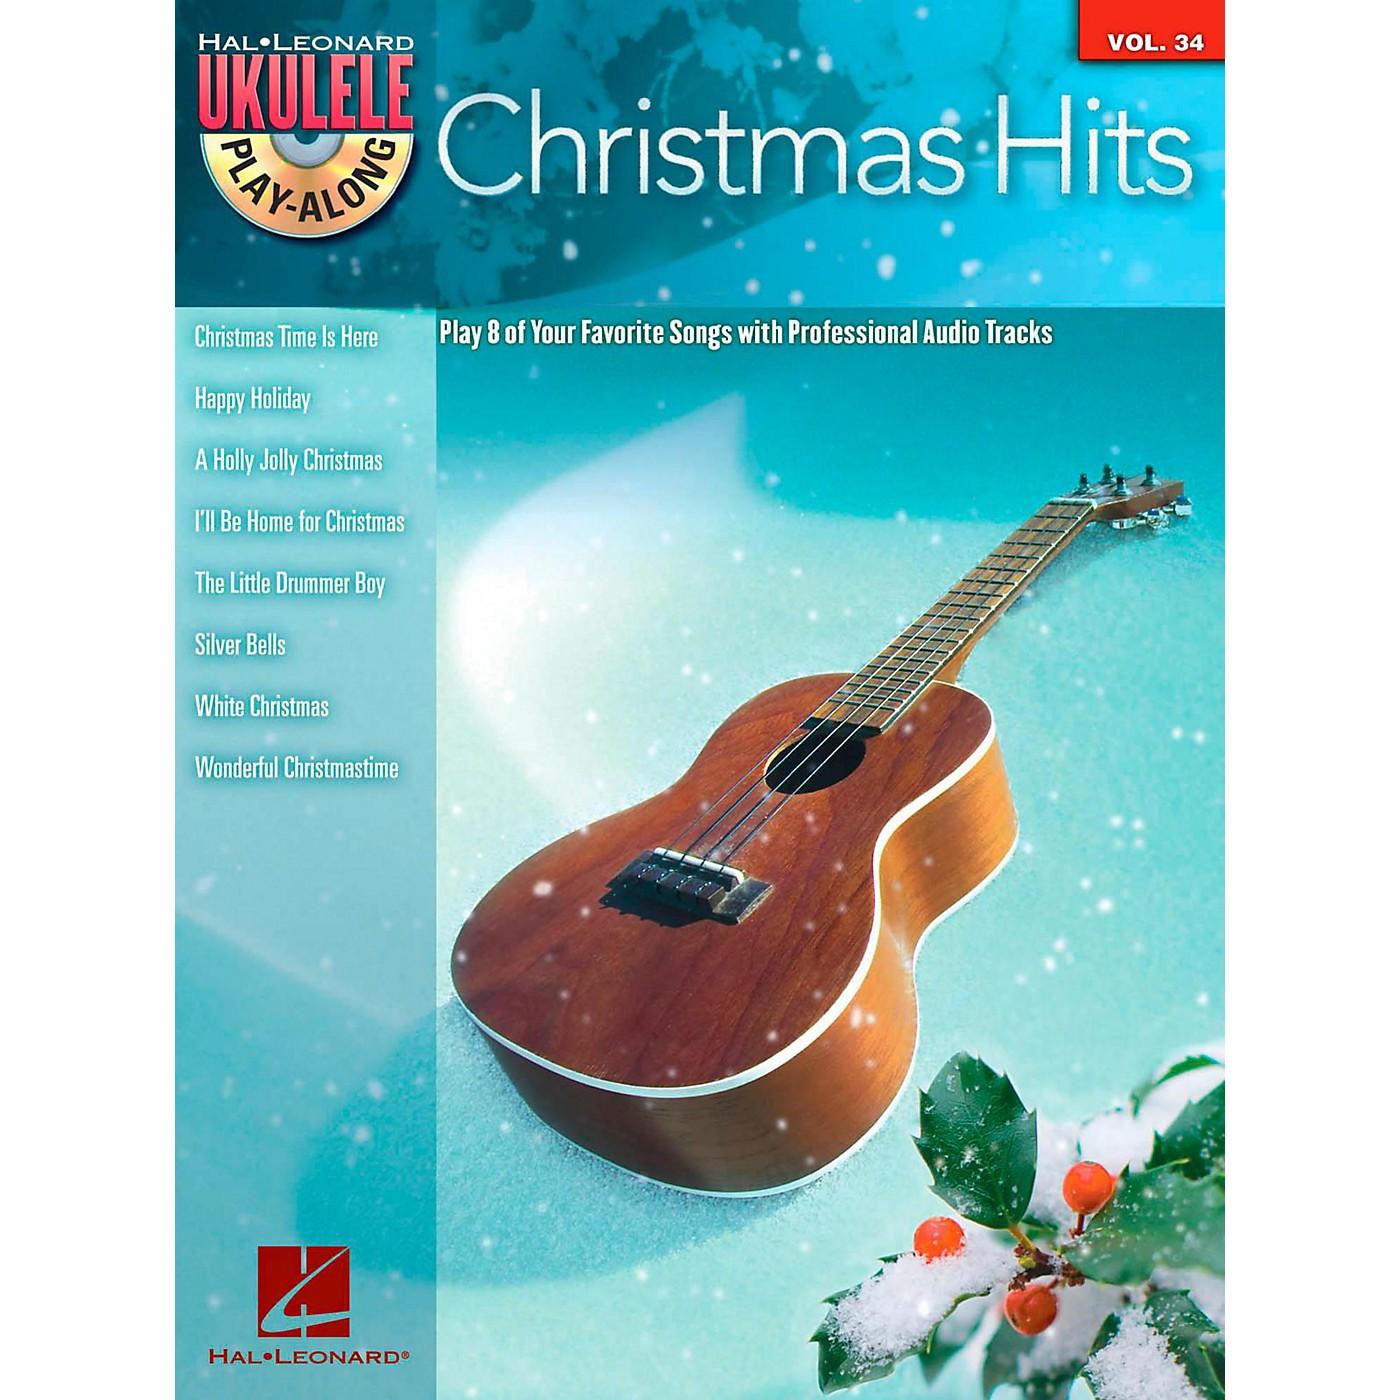 Hal Leonard Christmas Hits - Ukulele Play-Along Series Vol. 34 Book/CD thumbnail
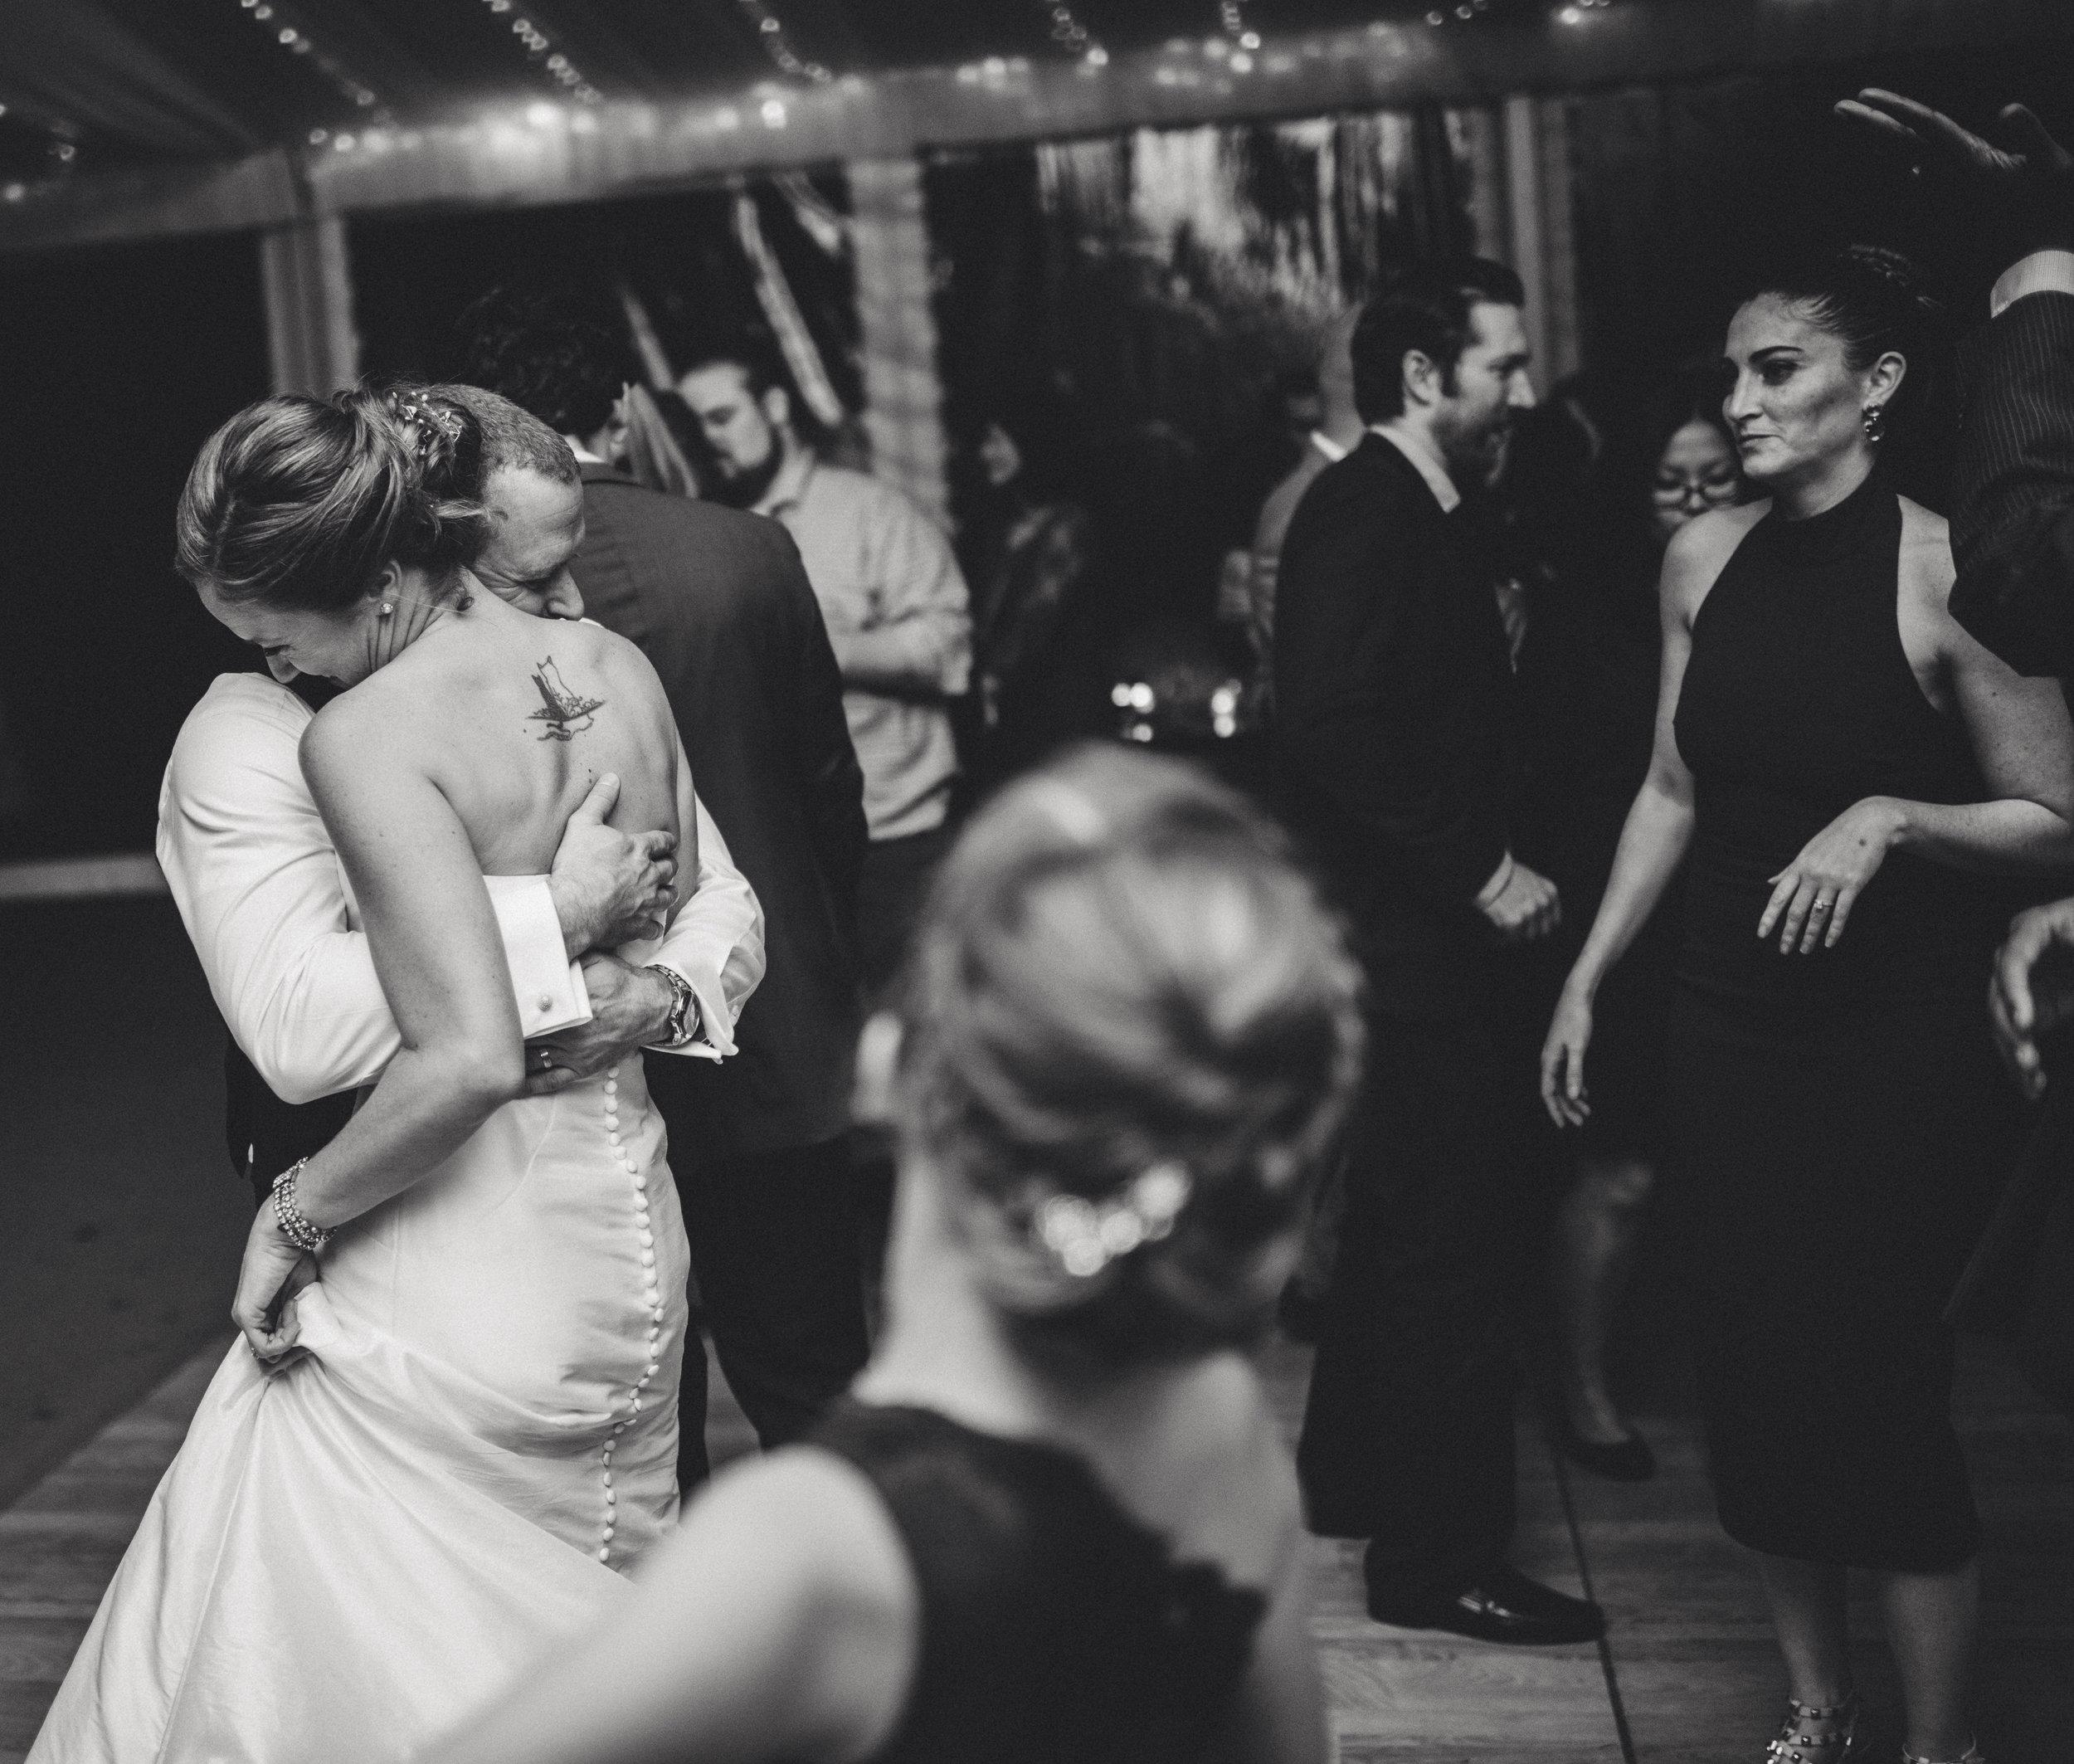 JACQUELINE & ANDREW WARSHAWER -BROOKMILL FARM FALL WEDDING - INTIMATE WEDDING PHOTOGRAPHER - TWOTWENTY by CHI-CHI AGBIM-807.jpg
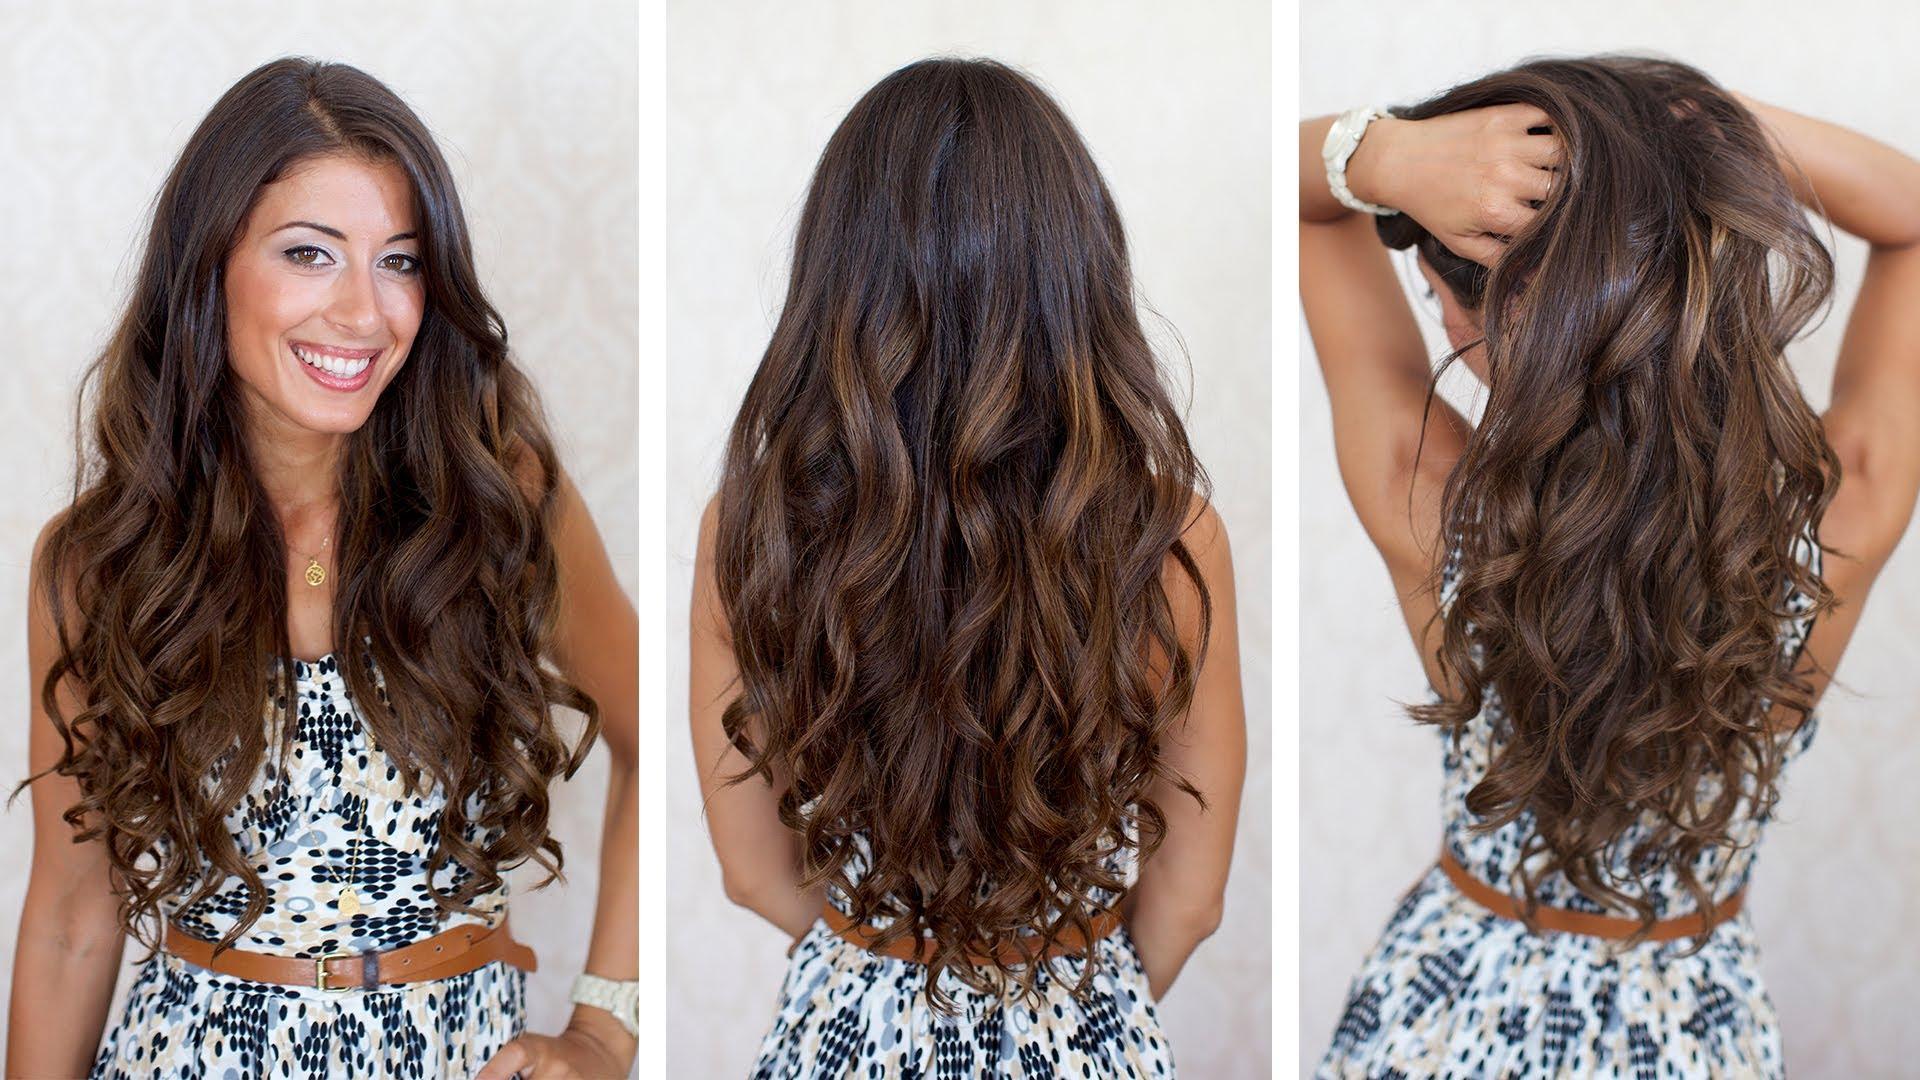 Big Voluminous Curls Hair DIY Fashion Tips | DIY Fashion Projects

★ ★ ★ ★ ★

> Task to carry out
The data must be printed exactly, image-free.

> Written answer
 Hal Leonard Christmas Hits - Ukulele Play-Along Series Vol. 34 Book/CD thumbnail
 JACQUELINE & ANDREW WARSHAWER -BROOKMILL FARM FALL WEDDING - INTIMATE WEDDING PHOTOGRAPHER - TWOTWENTY by CHI-CHI AGBIM-807.jpg
 Big Voluminous Curls Hair DIY Fashion Tips | DIY Fashion Projects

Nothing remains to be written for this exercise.